After many months chewing on the information we gathered in Delhi, the question that keeps nagging us is, what part of this, if any, is sustainable?  There seems to be a real disconnect between what we read in the literature about urban agriculture and what we saw on the ground with the farmers we worked with.  A lot of the literature points towards the potentials of urban agriculture; improved health, use of organic wastes, greening of city spaces, and so on.  To be fair, most of the literature is talking about a very different type of urban agriculture (in more affluent, developed areas), but nonetheless, we saw a very different picture on the ground.  These were real farmers struggling to make a living.  Livelihood requirements trumped anything else.

There is a real tension here between the more short-term, immediate decisions that people make for livelihoods and the longer-term strategies required for sustainability.  The farmers said themselves that using organic fertilizer was better.  They knew that not leaving fields fallow was contributing to loss of production potential.  They knew these things; but with land tenure uncertain and the need for immediate income, they relied on methods they knew and that would have a more immediate return.

The take-away lesson for us is that people’s livelihoods have to be at the center of any discussion about sustainability and making changes.  At a most basic level the need to provide for oneself and one’s family is a major driver of behavior.  We need to be able to recognize this tension between short-term livelihood decisions and long-term sustainability goals and forge a path that works with people’s need to provide for their families, but does so in an environmentally and socially conscious way.

The starting point for this project was simply to find out what is going on in terms of urban agriculture in Delhi on the ground and literally in the field.  As a brief description of what we found regarding basic characteristics, here is our summary:

Our research was conducted with 35 farming families across eight sites between June 19th and June 30th, 2011 (check out ‘Map of Field Sites’ below).  The typical farm family size is six to ten people, with both men and women actively participating.  Farm sizes vary somewhat; however, in general, the typical total land farmed is 11 bigha, which is slightly less than two acres (one bigha is approximately 1/6 acre and is the commonly used unit of land measurement).  Most families live on the land they farm, although some own a house or property elsewhere.  Houses on the farms range from temporary reed structures to sturdy mud houses.

We reported on types of vegetable crops grown in an earlier posting; however, this a little broader summary since Delhi farmers produce a wide variety of goods.  Vegetable crops are most common, but two sites produced primarily roses, and one site had landscape nurseries.  Commonly grown crops include gourds (e.g. bottle and bitter gourd), eggplant, okra, corn, pumpkins, cucumber, chilies, lobia (a pulse), spinach, cauliflower, mustard, wheat, rice, other leafy vegetables, tomatoes, melons, watermelon, carrots, and radishes.  A few farmers also have fruit trees, such as jamun (local fruit) or guava, although these were not reported as a primary crop.  In addition to food crops, many farmers grow some type of flower, either roses or marigolds.  These flowers are important for many Hindu religious practices and are thus in high demand.  Some farms supported animals such as a cow and calf or a few goats for personal milk consumption.

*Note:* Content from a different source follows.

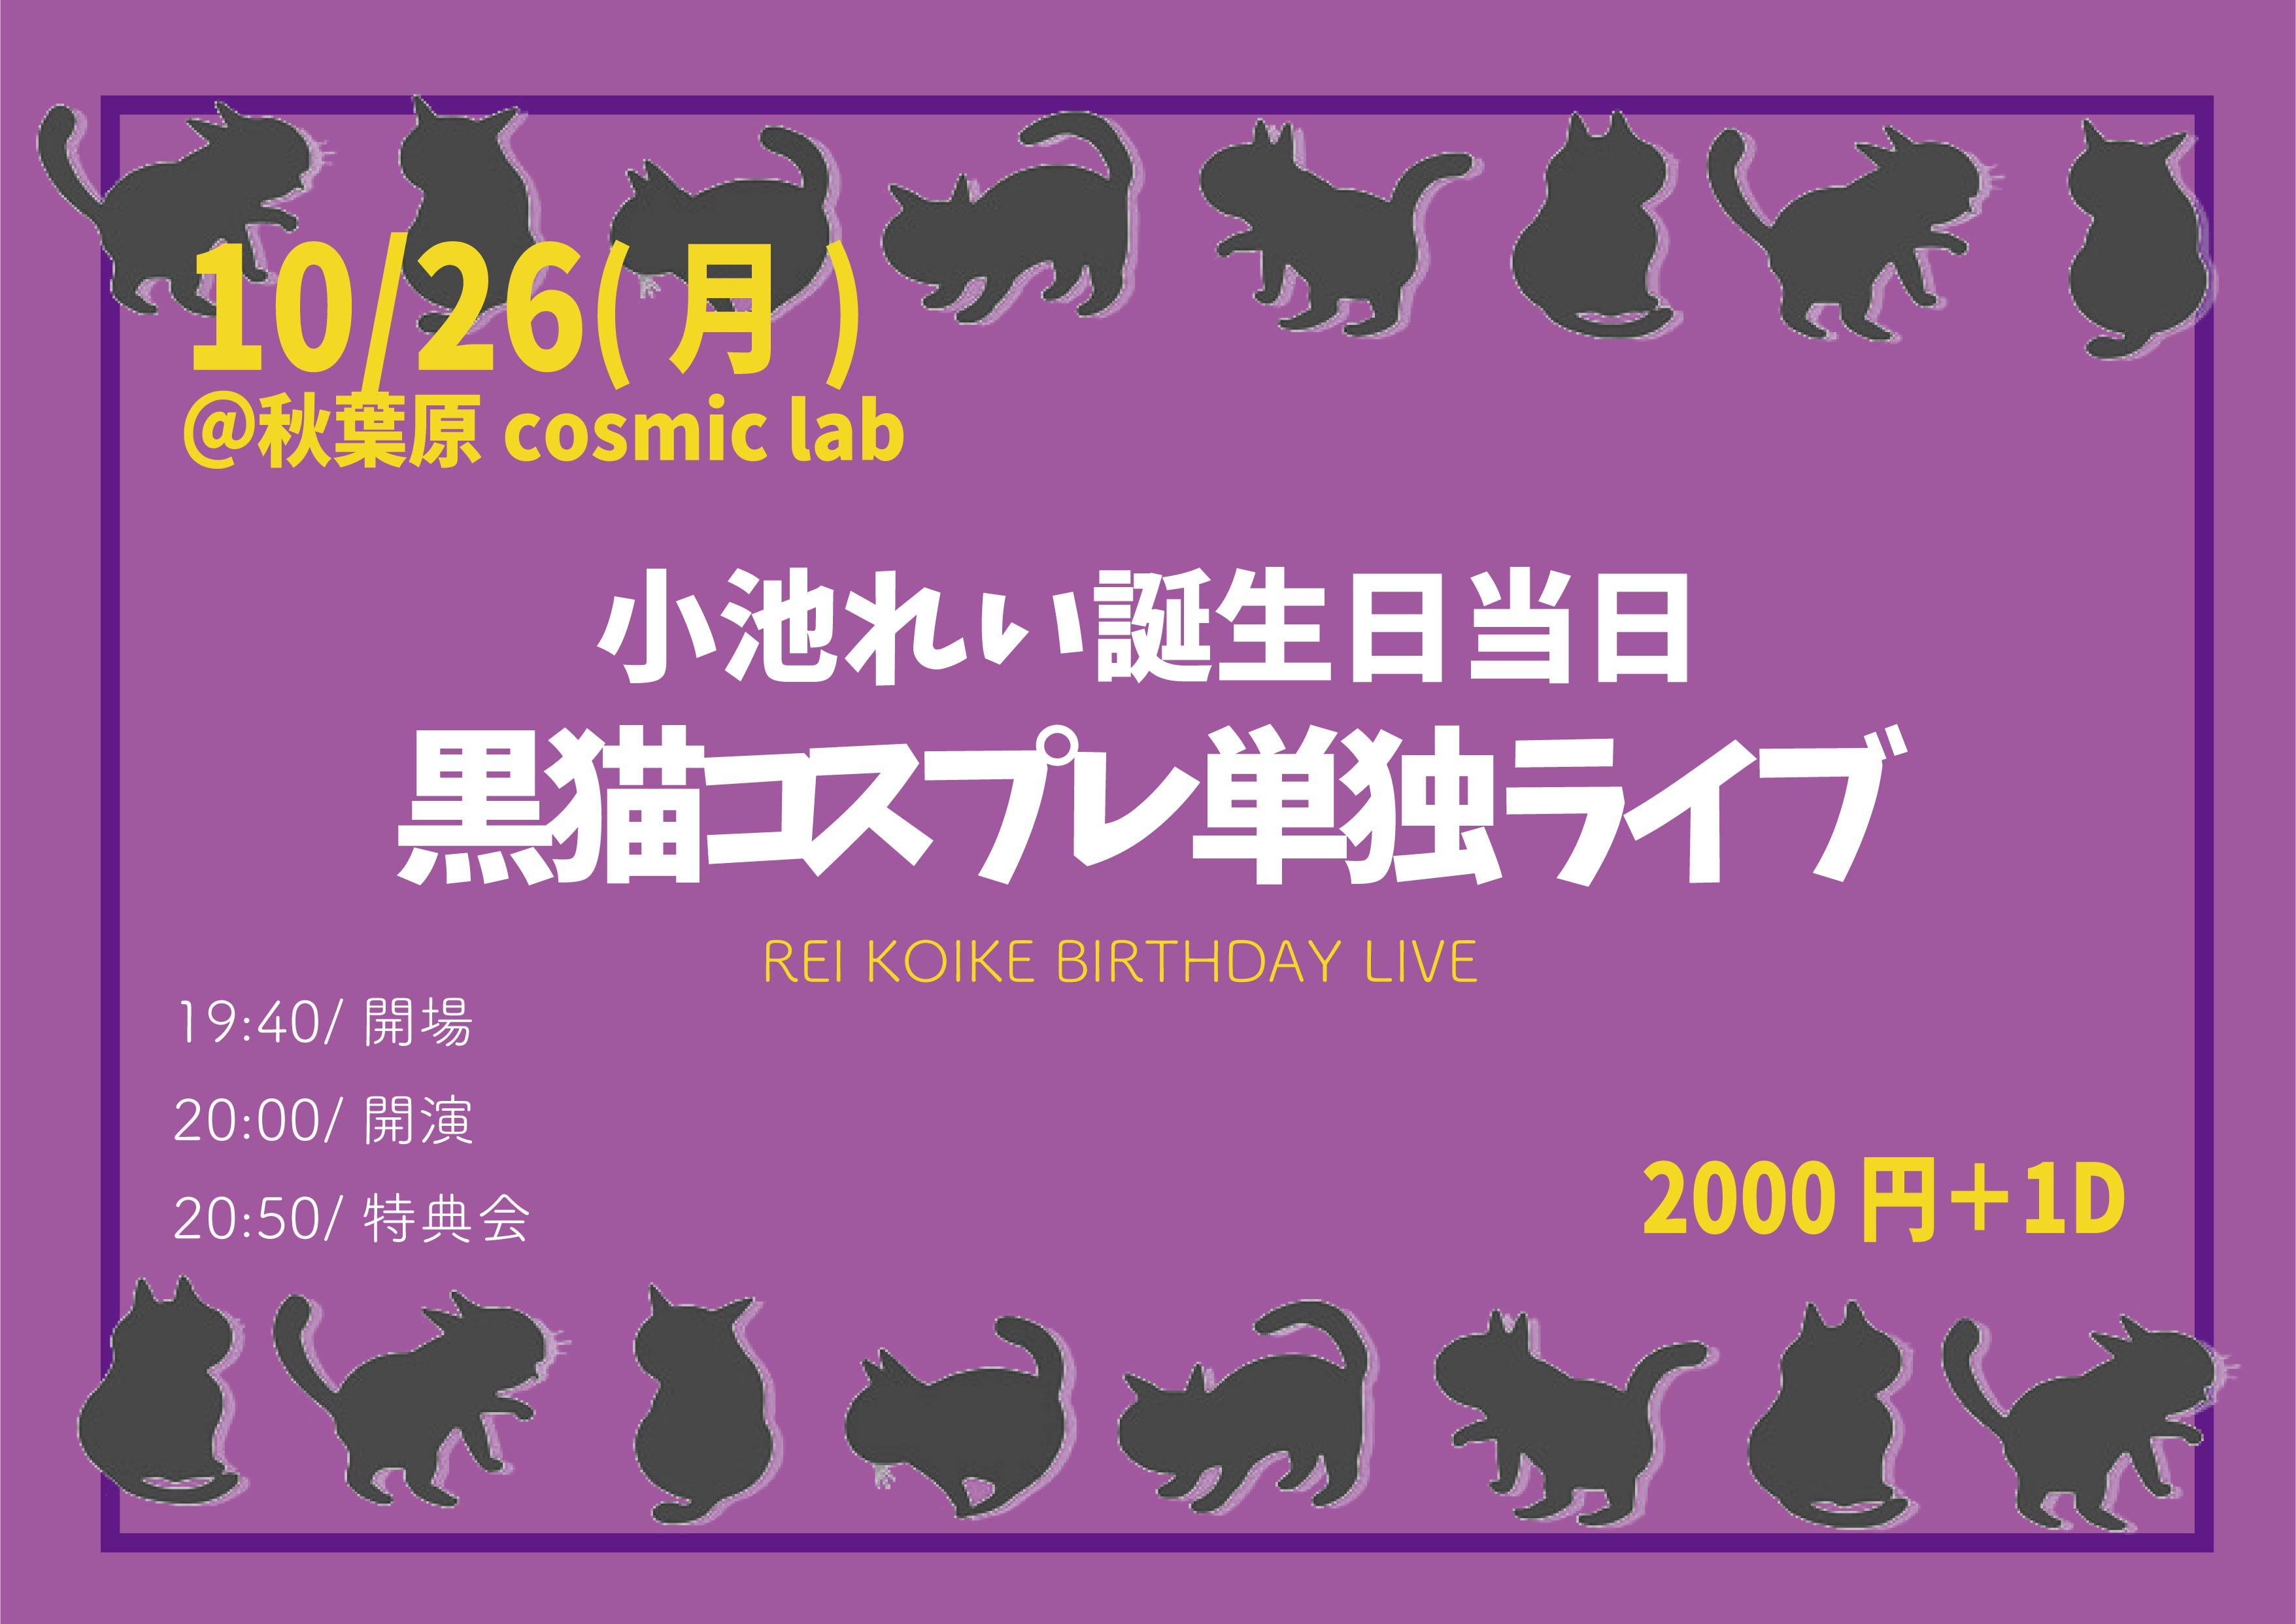 【小池れい誕生日当日】黒猫コスプレライブ

Delhi farmers are able to grow nearly year-round.  In October and November they plant hardy winter crops including cauliflower and dark leafy greens.  Summer crops, such as gourds, eggplant, okra, and chilies, are planted around March.  Some farmers also choose to plant rice in June, right before the monsoon months of July, August, and September.  The general attitude is that if it survives, then it is additional income.  Crop productivity is high enough to support most farmers and their families year round, even during the monsoon season, and few farmers look for other means of employment in between growing seasons.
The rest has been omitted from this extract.